#### [Your goal]
Write every line of the material again exactly, with no pictures in the copy.

#### [Given information]
════════════════════

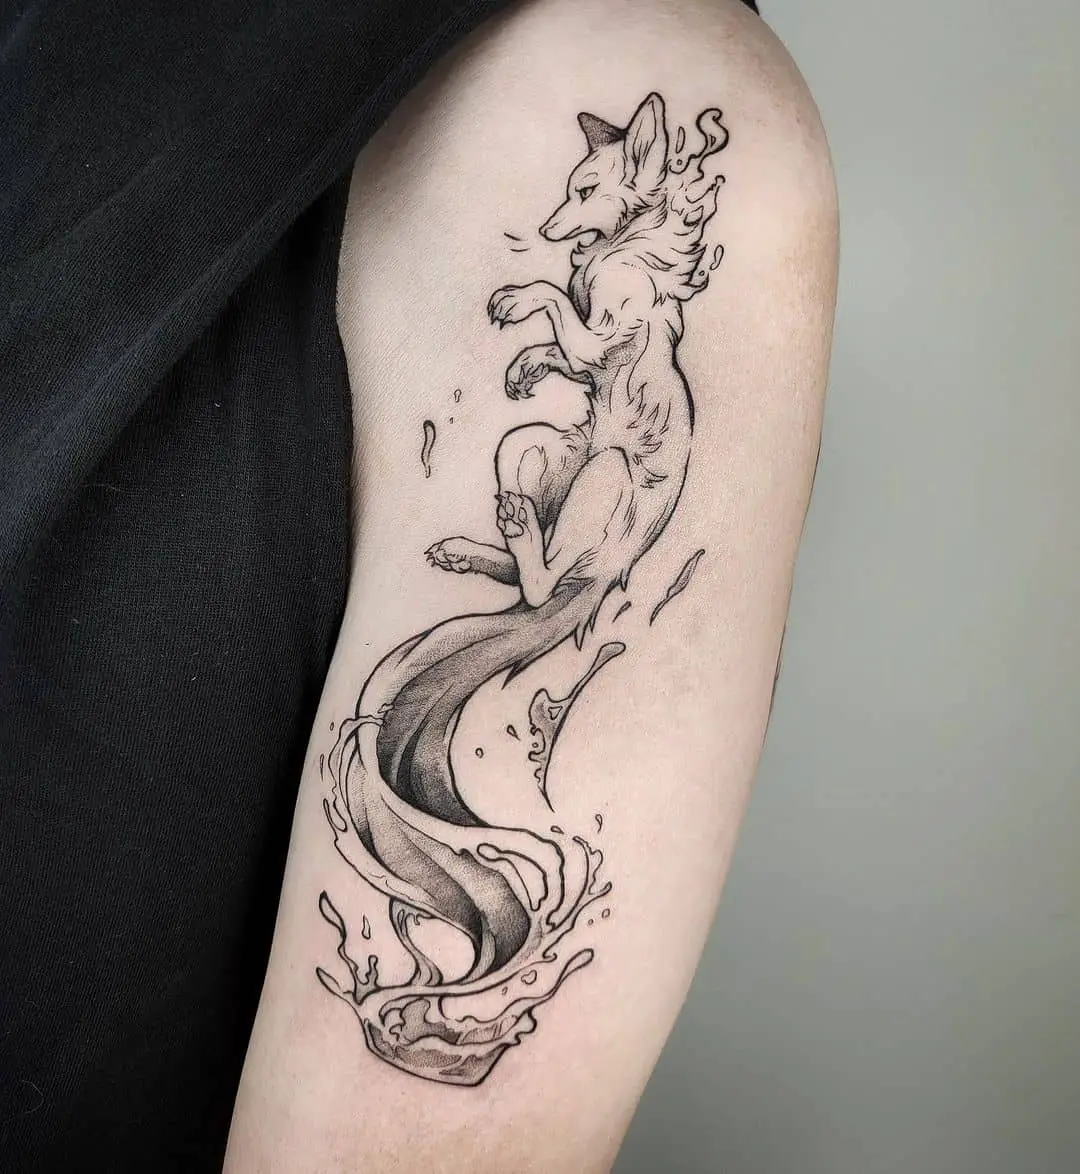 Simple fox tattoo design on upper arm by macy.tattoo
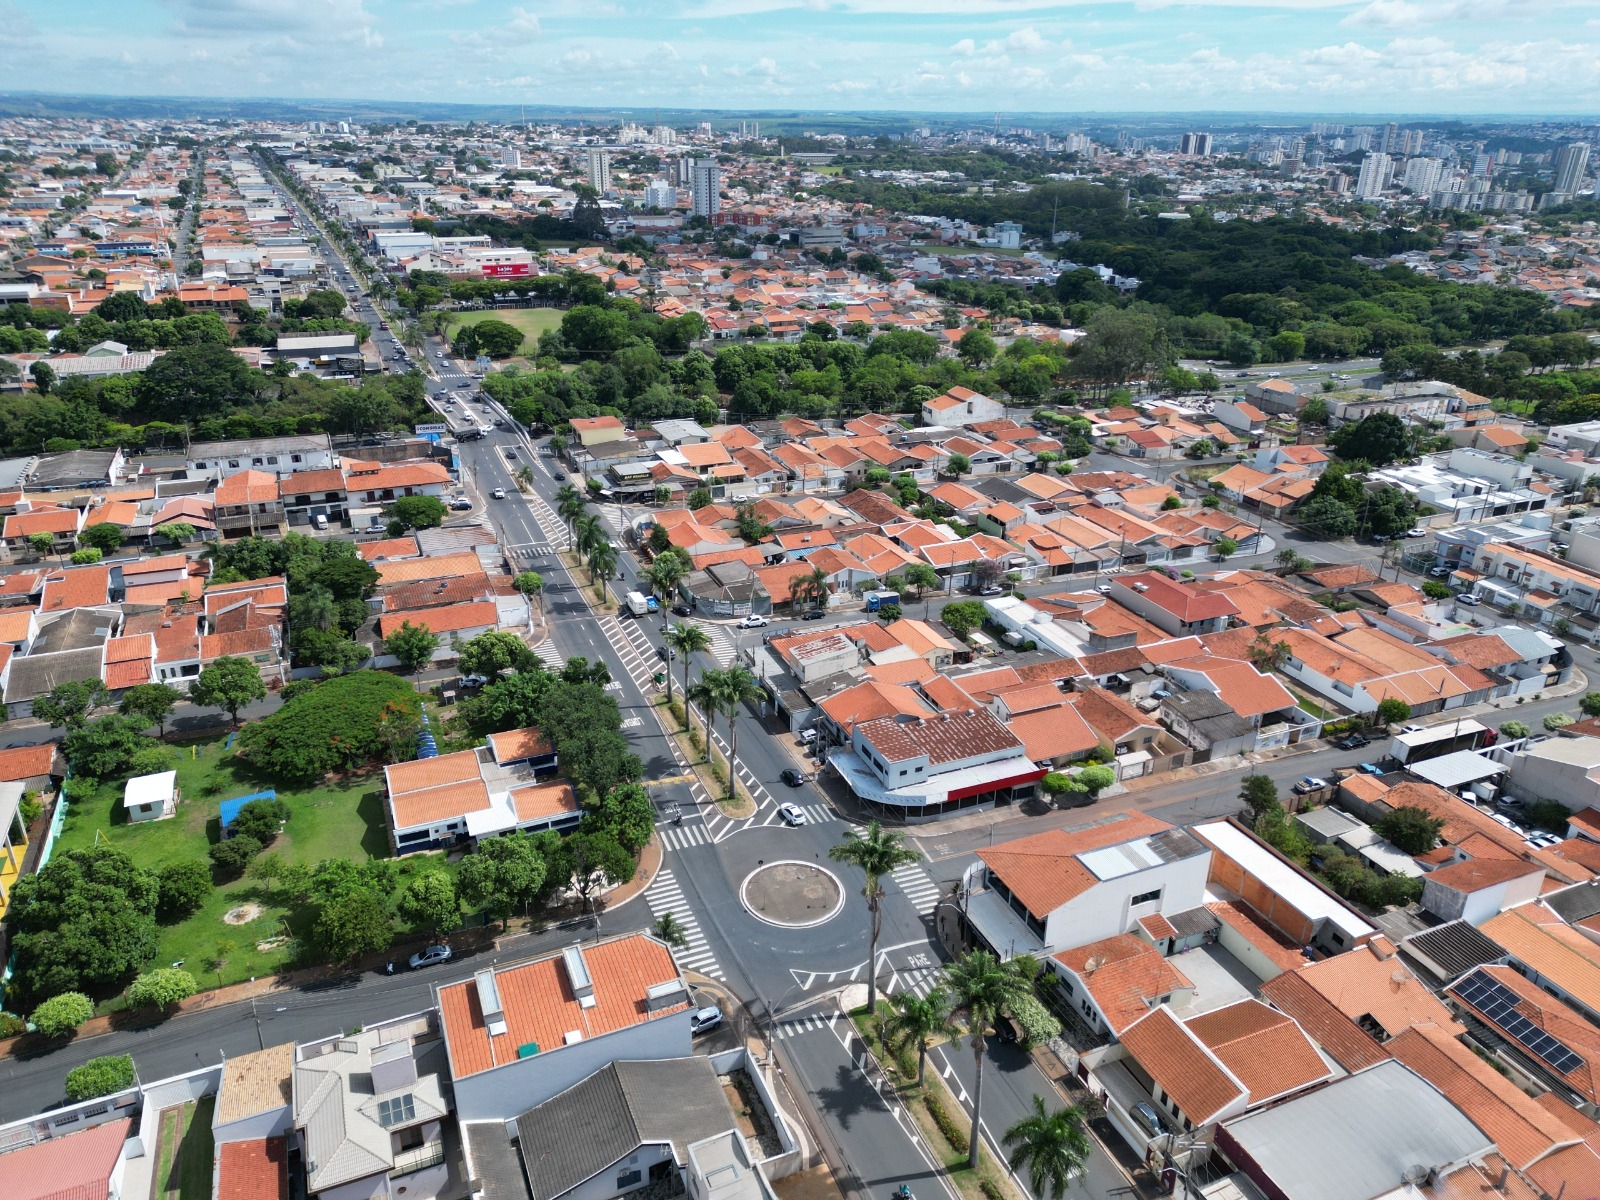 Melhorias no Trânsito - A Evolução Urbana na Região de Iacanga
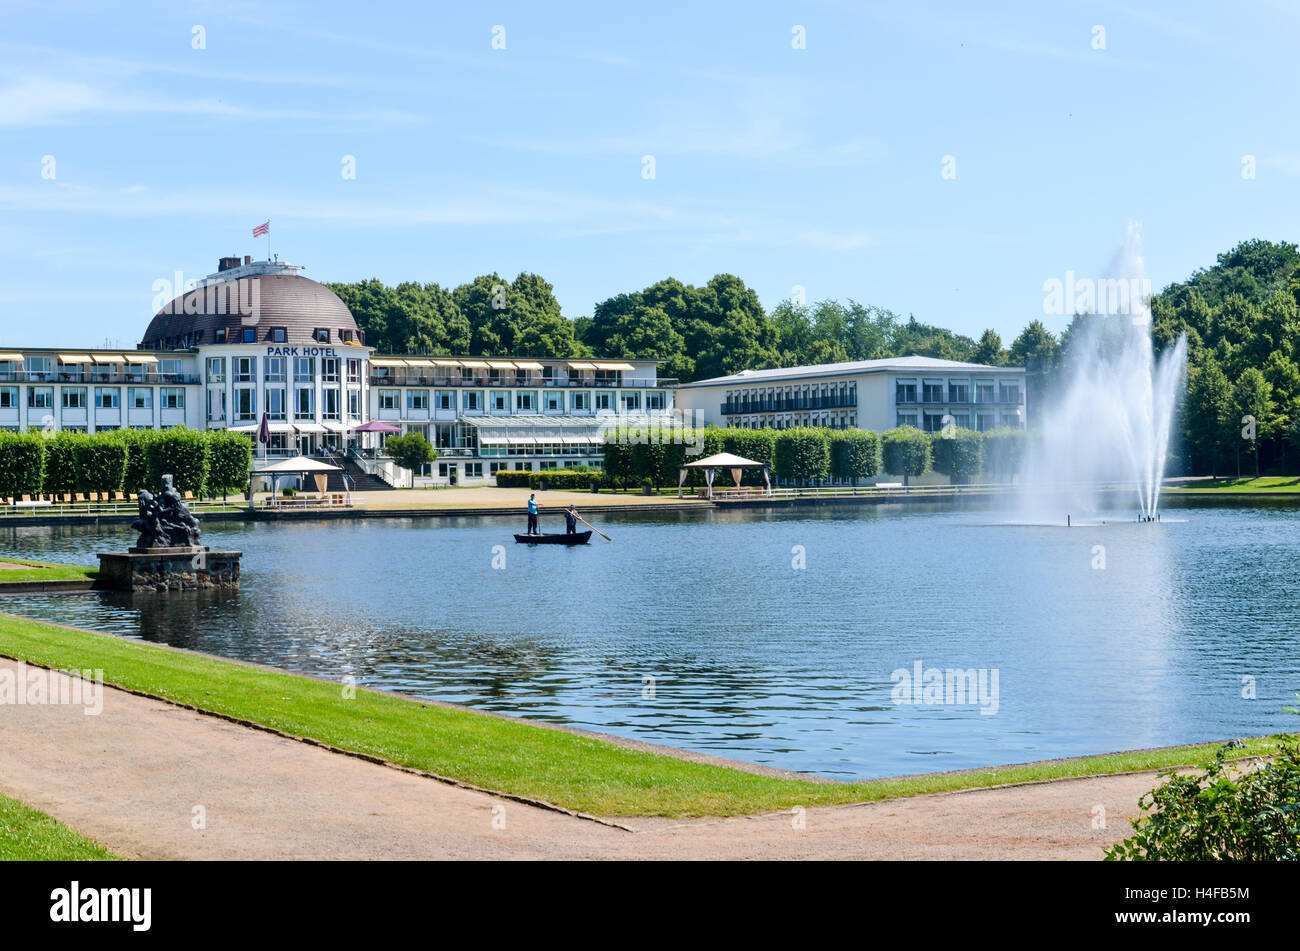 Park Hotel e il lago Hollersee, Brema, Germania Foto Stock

════════════════════

#### [Output for this task]
 Simple fox tattoo design on upper arm by macy.tattoo
 Melhorias no Trânsito - A Evolução Urbana na Região de Iacanga
 Park Hotel e il lago Hollersee, Brema, Germania Foto Stock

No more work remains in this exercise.